Ravi Krishna C, Krummen David E, Tran Ailinh J, Bullinga John R, Narayan Sanjiv M
University of California and Veterans Affairs Medical Center, San Diego, California 92161, USA.
Pacing Clin Electrophysiol. 2009 Mar;32 Suppl 1(Suppl 1):S66-71. doi: 10.1111/j.1540-8159.2008.02229.x.
Differences in atrial fibrillation (AF) cycle length (CL) between the left (LA) and right (RA) atrium and coronary sinus (CS) may help separate paroxysmal from persistent AF and identify patients most likely to respond to pulmonary vein isolation, but has not been measured noninvasively.

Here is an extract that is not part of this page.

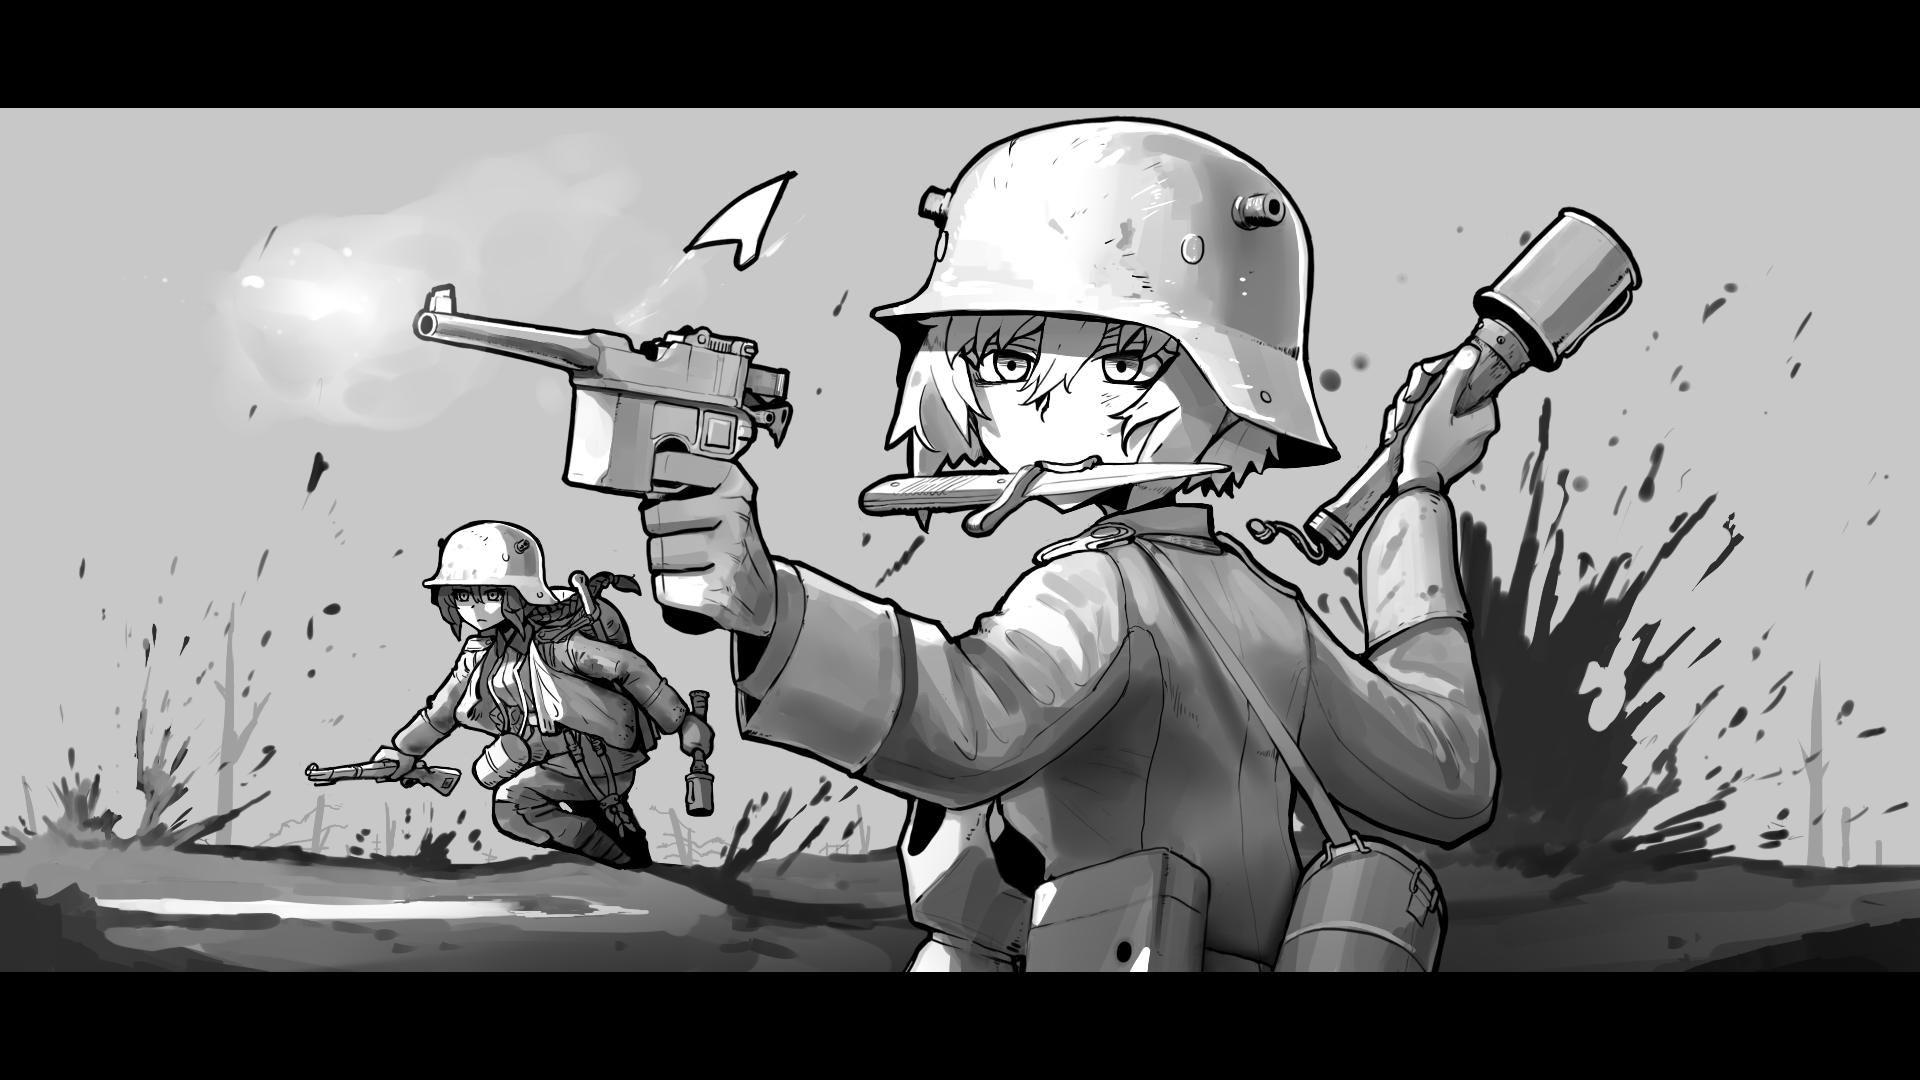 Erica On Twitter Anime Military Military Drawings War Art

We developed methods to estimate regional intraatrial AF CL from the surface electrocardiogram (ECG) in 20 patients with persistent AF and 10 patients with paroxysmal AF prior to ablation. Intraatrial AF CL was measured near the LA appendage, mid-CS, and lateral RA. In simultaneous filtered ECG, AF CL was estimated using autocorrelation. The mean of ECG-derived AF CL in leads V5, I, and aVL was used to estimate LA CL; leads aVF, II, and III for CS CL; and V1, V2, and aVR for RA CL. ECG CL estimates for the LA, CS, and RA had R(2) > 0.91 versus measured CL (all P < 0.001). Though magnitudes of left-versus-right AF CL gradients were small in this series, the ECG predicted the direction of gradients in 62% of measurements (P < 0.05). When the gradient was >10 ms, the direction was accurately predicted in eight of 11 patients. The accuracy of AF CL estimates was not adversely affected by AF type or LA dilatation (< or =40 or >40 mm). The ECG-estimated AF-CL showed high 5-minute temporal stability (P < 0.001 each chamber).
Left and right atrial AF CL, and their gradients, can be accurately determined from the ECG using autocorrelation analysis. This approach may be a helpful guide prior to ablation procedures.
左心房(LA)、右心房(RA)和冠状窦(CS)之间房颤(AF)周期长度(CL)的差异可能有助于区分阵发性房颤和持续性房颤,并识别最可能从肺静脉隔离术中获益的患者,但尚未进行无创测量。
我们开发了从体表心电图(ECG)估算20例持续性房颤患者和10例消融术前阵发性房颤患者心房内AF CL的方法。在左心耳附近、CS中部和右房外侧测量心房内AF CL。在同步滤波后的ECG中,使用自相关法估算AF CL。使用V5、I和aVL导联中ECG衍生的AF CL均值估算左房CL;使用aVF、II和III导联估算CS CL;使用V1、V2和aVR导联估算右房CL。与测量的CL相比,ECG对左房、CS和右房CL的估算R²>0.91(所有P<0.001)。尽管本系列中左右AF CL梯度的幅度较小,但ECG在62%的测量中预测了梯度方向(P<0.05)。当梯度>10 ms时,11例患者中有8例准确预测了方向。AF CL估算的准确性不受房颤类型或左房扩张(≤40或>40 mm)的不利影响。ECG估算的AF-CL显示出5分钟的高时间稳定性(每个腔室P<0.001)。
使用自相关分析可从ECG准确确定左、右心房AF CL及其梯度。这种方法可能是消融术前的有用指导。